心的なとらえ方の場合もあって、kapti signifonでは「理解する」に近い意味になっています。kapti sencon, nuancon, intenconなどの表現もあります。kapti situacion, problemonも同様です。この語義では、修飾する副詞としては、ĝuste, bone, pleneなどがふさわしいでしょう。なおkapti mesaĝonは、状況によって、聴覚的に「聞き逃さない」でも心的に「理解する」でもありうるでしょうか。

Mi subite kaptis bonan ideon [penson].「突然よい考えを思いついた」では、少し異なる心的なとらえ方が表されています。おもしろいことに、これとほぼ同じことをSubite bona ideo kaptis min.と表現することもできます。後者では、人の意識的行為なしに考えが現れてきたかのように表現しています。

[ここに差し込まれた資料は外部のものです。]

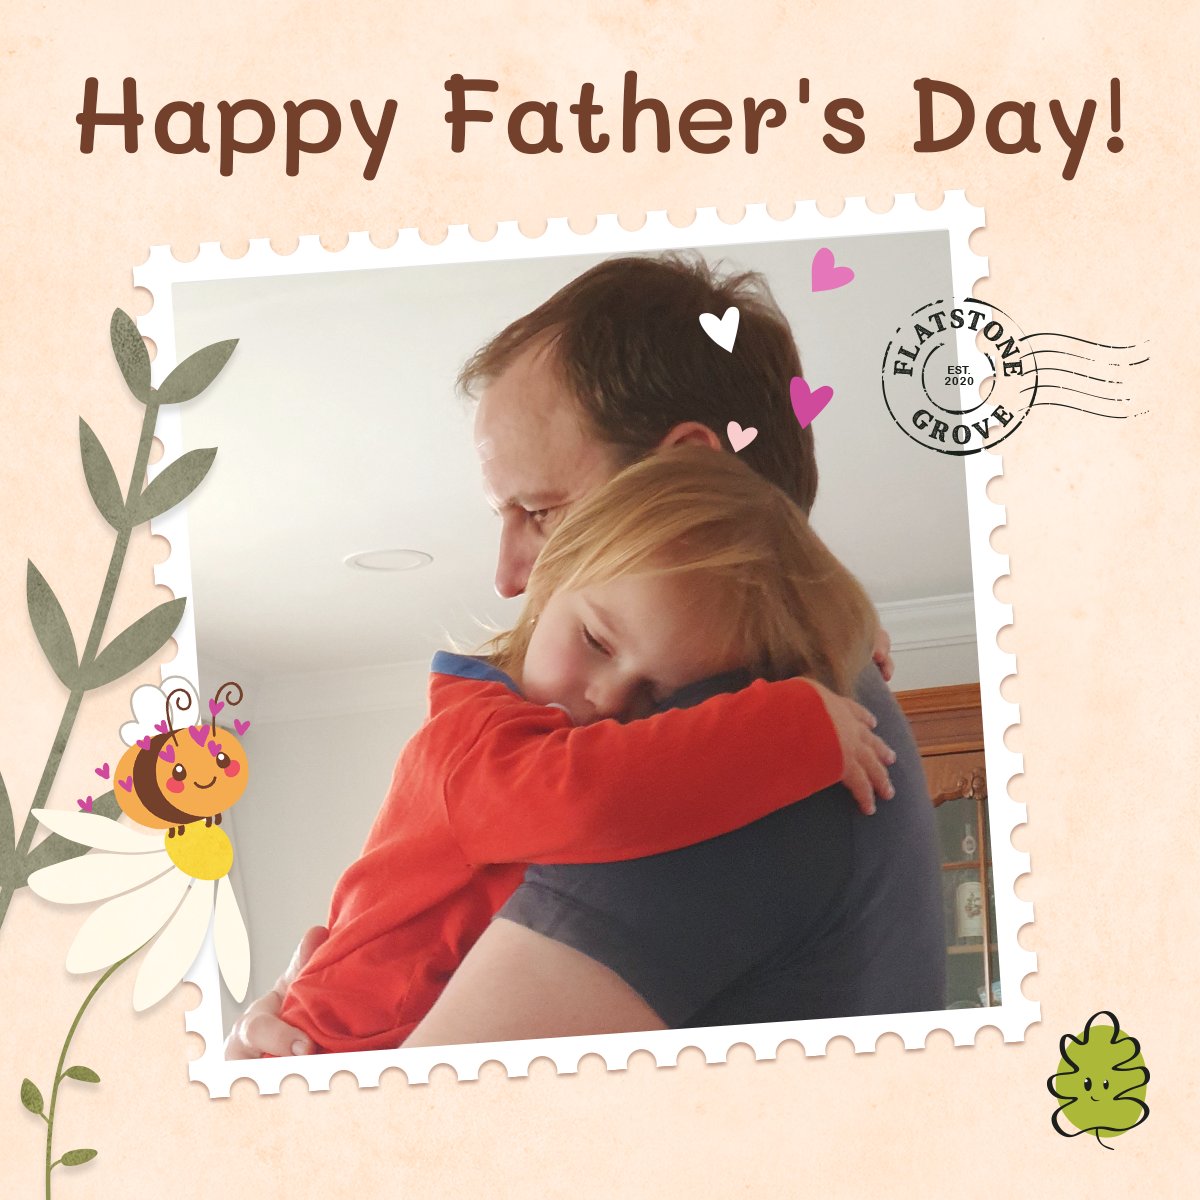 Happy Father's Day to all the fantastic dads out there!

#fathersday #fathersday2023 #happyfathersday #papabear #bestdadever #superdad #familyman #dadjokes #fatherandson #fatheranddaughter #fsg #bedtimestory #celebration #today

kaptiは基本的な語義としては主語である人の意志を伴う行為であり、抽象的な語義に転じている場合も大抵そうなのですが、思考や感情を表す抽象名詞が主語となり、人を表す目的語をとることがあるのです。kaptiの「捕える」という基本的な意味からして、Min kaptis maltrakvilo kaj timo.「不安と恐れが私を捕えた」のように、冷静さを欠いた高ぶった感情を意味する語の場合に特に使いやすいでしょう。ほかに、iluzio, deziro, tento, bedaŭro, timo, teruro, furiozo, konfuzo, emocio, kolero, konsterniĝo, nostalgio, angoroなどが使われています。

病気も同様で、kapti malvarmumon「風邪をひく」、kapti nazkataron「鼻炎にかかる」などと並んで、Podagro kaptis min.「痛風にかかった」のように使った例があります。

kaptiĝi「捕まる, 捕えられる」には、kaptiのいくつかの使い方に対応した使い方があります。kaptiĝi en malliberejo「牢獄に捕えられる」、kaptiĝi en ŝtormo「嵐で足止めを食う」、kaptiĝi de la beleco「美しさのとりこになる」、kaptiĝi de pesimismo [entuziasmo]「悲観論[熱狂]にとらわれる」などです。